Downcasting pointer to member leads to undefined behavior

Question

I read somewhere that a pointer-to-member of a derived class can be converted to pointer-to-member of its base class. When I have read this, my smart mind started to think of many examples and keep inventing an infinite number of possibilities: do such casts lead to undefined behavior?.

[expr.static.cast]/12:

A prvalue of type “pointer to member of D of type cv1 T” can be converted to a prvalue of type “pointer to member of B of type cv2 T”, where D is a complete class type and B is a base class of D, if cv2 is the same cv-qualification as, or greater cv-qualification than, cv1. [..] Otherwise, the behavior is undefined.

[Note 6: Although class B need not contain the original member, the dynamic type of the object with which indirection through the pointer to member is performed must contain the original member; see [expr.mptr.oper]. — end note].

I want to know, are the following casts leads to UB or not since they are not cast from "pointer-to-member" of D to "pointer-to-member" of B

struct B { int a; void f(); };
struct D1:B {};
struct D2:B {};

static_cast<int D1::*>(&B::a); // UB? (#1)
static_cast<int D2::*>(&B::a); // UB? (#2)
static_cast<void (D1::*)()>(&B::f); // UB? (#3)
static_cast<void (D2::*)()>(&B::f); // UB? (#4)

int B::*b1 = &D1::a;
int B::*b2 = &D2::a;
static_cast<int D1::*>(b1); // OK? (#5) -- fix of (#1)
static_cast<int D2::*>(b2); // OK? (#6) -- fix of (#2)

void (B::*f1)() = &D1::f;
void (B::*f2)() = &D2::f;
static_cast<void (D1::*)()>(f1); // OK? (#7) -- fix of (#3)
static_cast<void (D2::*)()>(f2); // OK? (#8) -- fix of (#4)
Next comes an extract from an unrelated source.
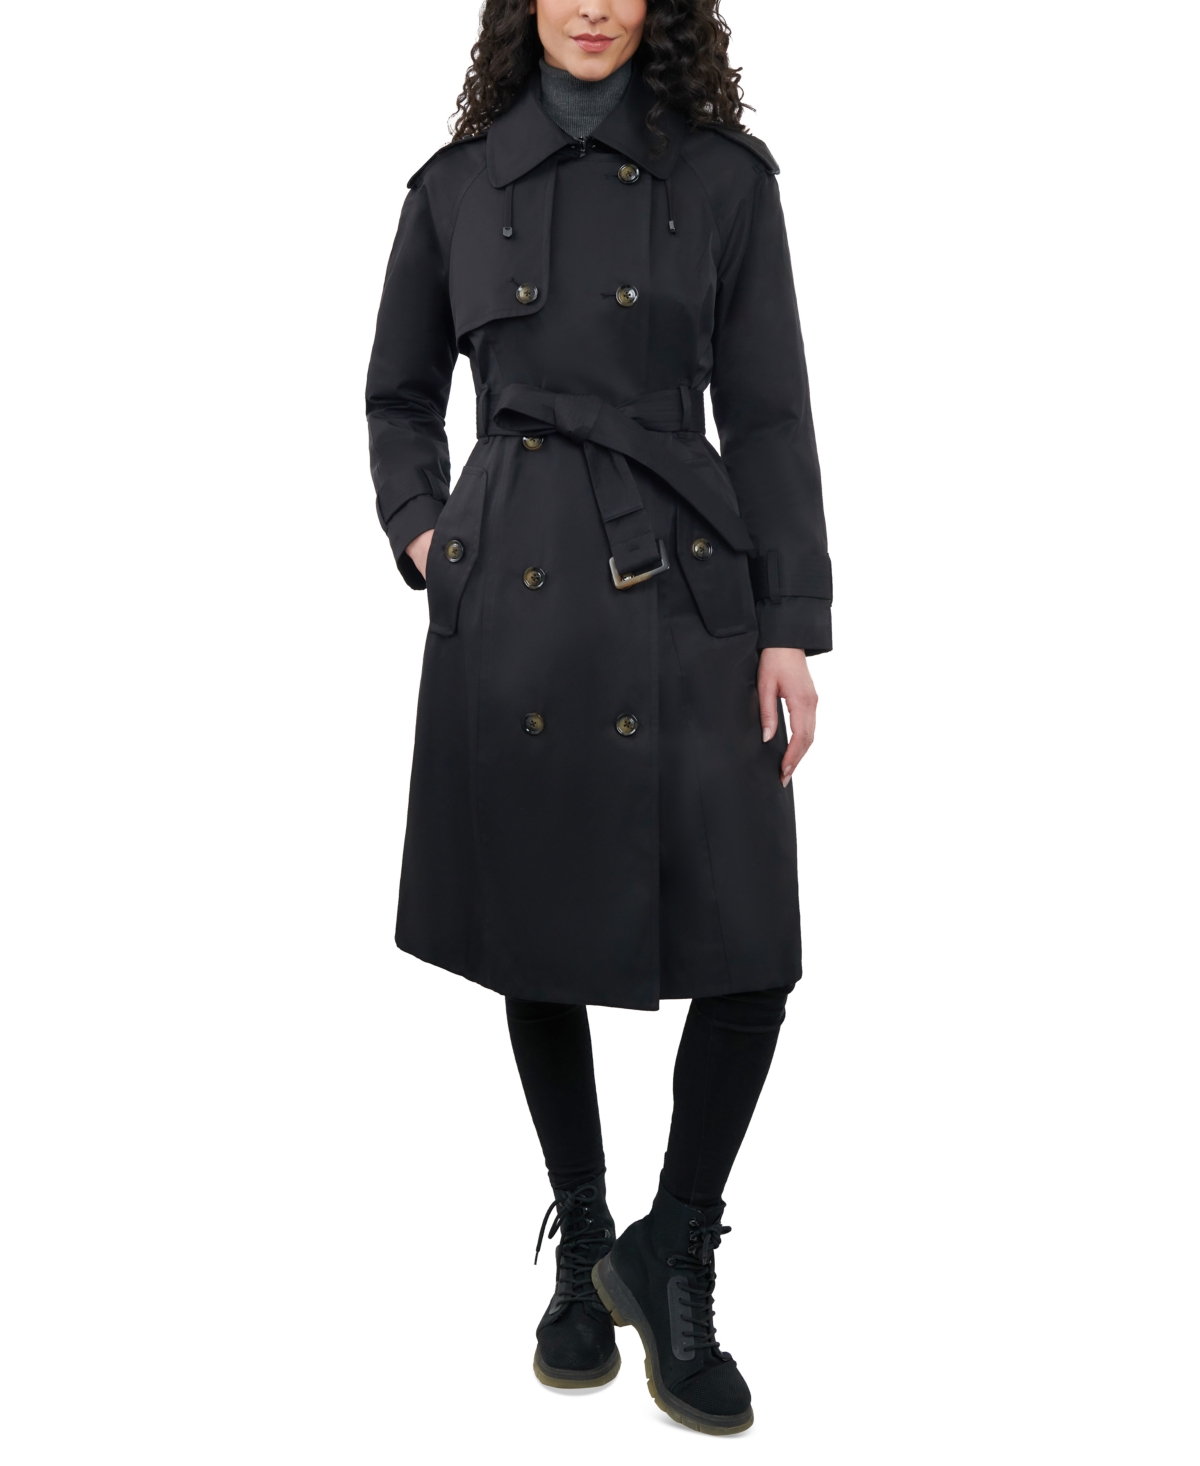 London Fog Women's 42" Double-Breasted Hooded Trench Coat

static_cast<int D2::*>(b1); // UB? (#9)
static_cast<int D1::*>(b2); // UB? (#10)
static_cast<void (D2::*)()>(f1); // UB? (#11)
static_cast<void (D1::*)()>(f2); // UB? (#12)

[expr.mptr.oper]/4:

Given this member access expression E1.*E2, If the dynamic type of E1 does not contain the member to which E2 refers, the behavior is undefined.

struct B { };
struct D : B { int b; void g(); };

B* b = new B;
(b->*static_cast<void(B::*)()>(&D::g))(); // UB? (#13)
b->*static_cast<int B::*>(&D::b);         // UB? (#14)

B *b = new D;
(static_cast<D*>(b)->*(&D::g))(); // OK? (#16) -- fix of (#13)
static_cast<D*>(b)->*(&D::b);     // OK? (#17) -- fix of (#14)

Answer 1

None of #1 through #12 in the first snippet are UB, since they are just casting a pointer-to-member from base class to derived class. This is an implicit conversion and the explicit static_cast wouldn't even be required. The conversion is described in [conv.mem]. Your quote from the standard doesn't apply, since [expr.static.cast]/4 already covers implicit conversion sequences.

#13 and #14 are UB for the reason you quoted, because the B object you created is the most-derived object and it doesn't contain the referenced member.

#16 and #17 look ok. The static_cast will result in a pointer to a D object, since b points to a B object which is a base subobject of a D object.